3

Can NPP functions, more concrete npps (https://docs.nvidia.com/cuda/npp/group__npps.html) be called as a device function?

If I create a global function can I inside call npps functions as nppsMaxIndx_32f (to compute max of a vector)?

Example: I have 100 vectors of 10000 floats each, if I do it in host code I have to make 100 calls to npp function

If I make a global function of 100 threads and inside call the npp function for each vector so they launch simultaneously, will this work? nppsMaxIndx_32f can be called as a device function?

Martijn Pieters
  • 1,048,767
  • 296
  • 4,058
  • 3,343
ocerv
  • 51
  • 5
  • 1
    no, NPP functions cannot be used in device code.

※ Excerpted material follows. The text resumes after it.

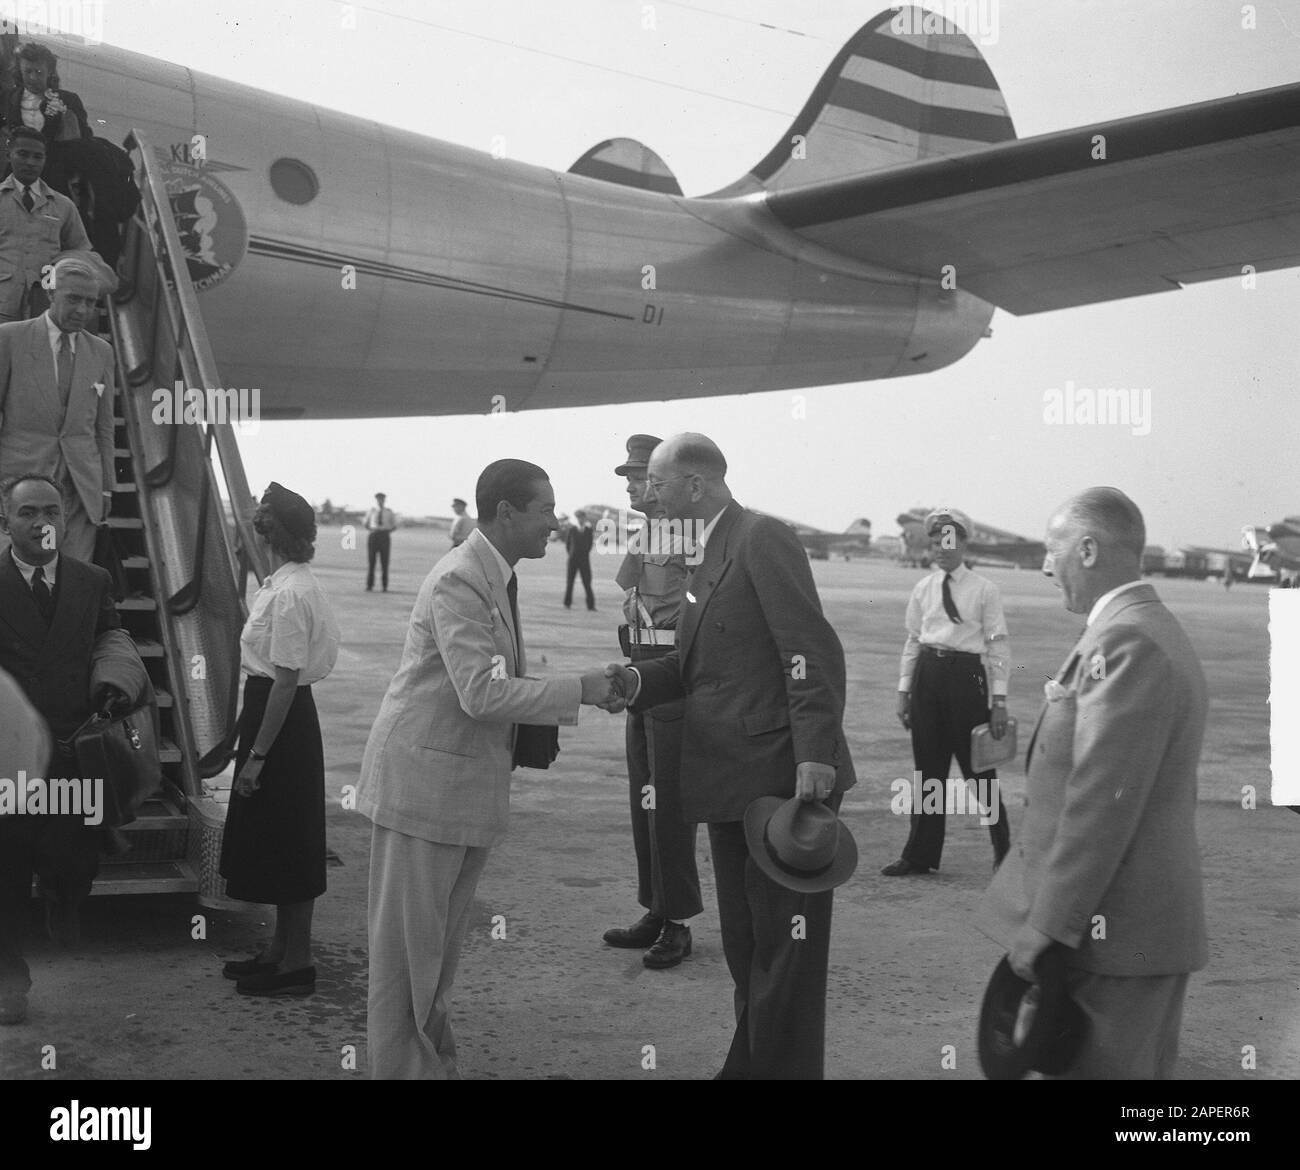 Arrivée Sultan Hamid À L'Aéroport De Schiphol. Salutation par le ministre Maarseeveen Date: 6 août 1949 mots clés: Arrivée, salutations Nom personnel: Hamid II, Maarseveen, J.H. van Banque D'Images

Neither can most other libraries (except Thrust) provided with the CUDA toolkit. – Robert Crovella Oct 25 '18 at 13:42
  • "but this can only be done if you do not need previous data for the computation." That may possibly be an incorrect or misleading statement. If you issue 2 npp calls in sequence, and the first call makes modification to data on the GPU, the second call should pick up those modifications. – Robert Crovella Oct 27 '18 at 01:05
  • Sure, thats what I was trying to say. That each call uses independent data. Thanks @RobertCrovella – ocerv Oct 28 '18 at 10:21
  • Each call doesn't have to use independent data. The results of the first call can be used by the 2nd call. – Robert Crovella Oct 28 '18 at 14:15

1 Answers1

1

This is not possible -- NPP functions are host only functions. Trying will produce errors:

functions.cu(237): error: calling a __host__ function("nppsMaxIndx_32f") from a 
__global__ function("computeMax") is notallowed

functions.cu(237): error: identifier "nppsMaxIndx_32f" is undefined in device code

However, making the call in host code without a synchronization of the GPU will call them almost simultaneously without waiting for the previous one to finish, but this can only be done safely if there is no requirement for ordering of the calls and the data for overlapping calls is fully independent.

talonmies
  • 70,661
  • 34
  • 192
  • 269
ocerv
  • 51
  • 5